Изменить стиль страницы

В регистрационном листке нет упоминания о социальном происхождении Александры Лепсис. А между тем она — дочь купца, одного из известных чердынских промышленников братьев Могильниковых, владельцев лесопильного завода и судоверфи... — Впрочем, отца она потеряла рано, и вряд ли он повлиял каким-то образом на мировоззрение дочери. «Училась на средства матери и отчасти на свой заработок от уроков». Заработок от уроков! Как вспоминает Галина Петровна Рычкова, о которой мы еще скажем далее, расплачивались за эти уроки «чаще всего не деньгами, а ненужными подарками вроде каких-нибудь безделушек».

На фотографии из личного дела Шурочка Могильникова — в гимназическом узком платье, с толстой косой. В лице — наивность, простота, безмятежность юной провинциалки. Можно почувствовать и чуть хитроватое кокетство всем этим: вот, для вас я такая! Такой вы меня и принимайте. А что я храню про себя — это уж, позвольте, только мое дело.

Но ведь надо было иметь характер, чтобы из гимназических стен сразу — в партию левых эсеров! Тогда эта партия считалась боевой, авторитет ее создавался не одним поколением террористов, и немало молодежи на первых порах шло вслед за ее дерзкими лозунгами. Да и что оставалось юной, жаждущей найти свое место в политической борьбе гимназистке выпускного класса, если весь этот класс решил поддерживать эсеровскую программу? Быть в стороне от революции Шура не могла, не хотела, ее деятельной натуре это казалось преступлением, и вот она уже выступает до хрипоты на дымных собраниях, спорит...

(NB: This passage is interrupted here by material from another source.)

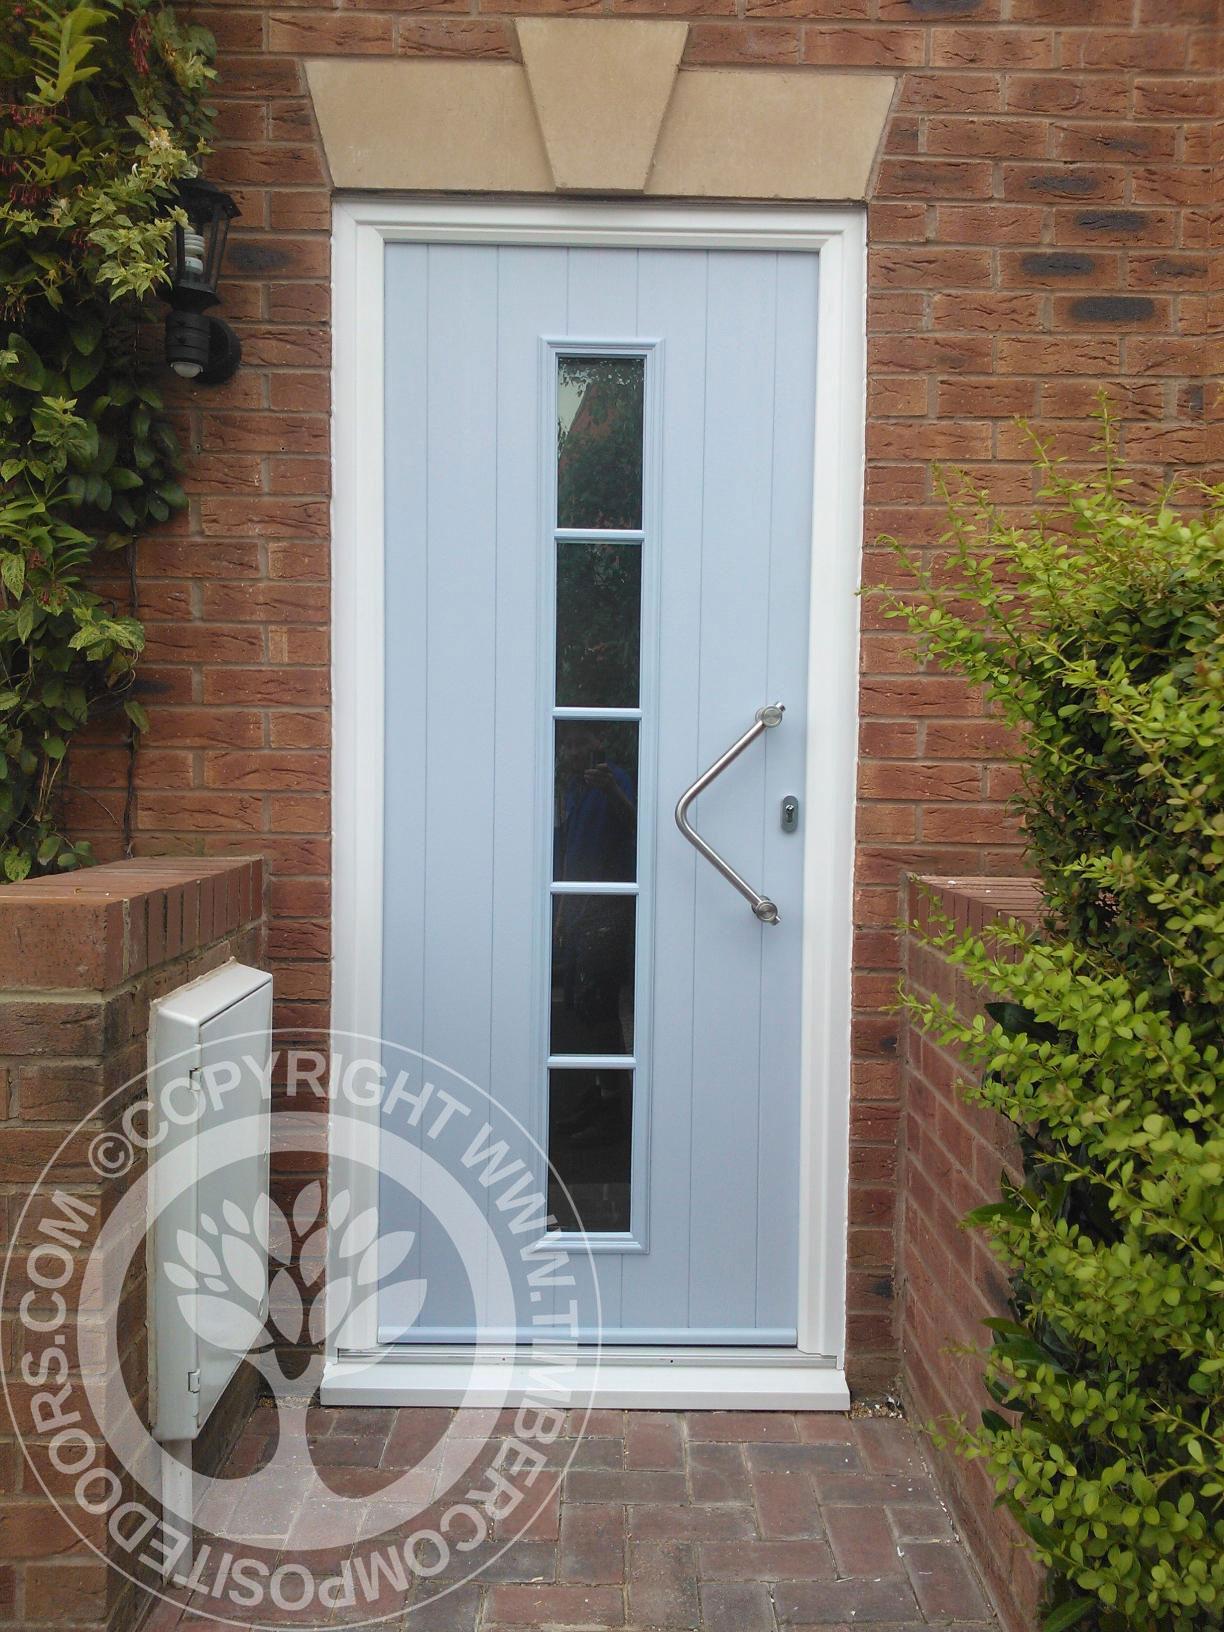 Solidor Florence Timber Composite Door

А дальше — разочарование... Схлынула суматоха первых революционных месяцев, и все четче стала проступать, а под конец и начисто обнажилась мелкобуржуазная, анархистская, антинародная сущность эсеровских программных установок. Что же делать? Наверно, надо покидать уездный город с разношерстием его группировок и ехать в Пермь, учиться, попытаться там понять, за кем же настоящая правда.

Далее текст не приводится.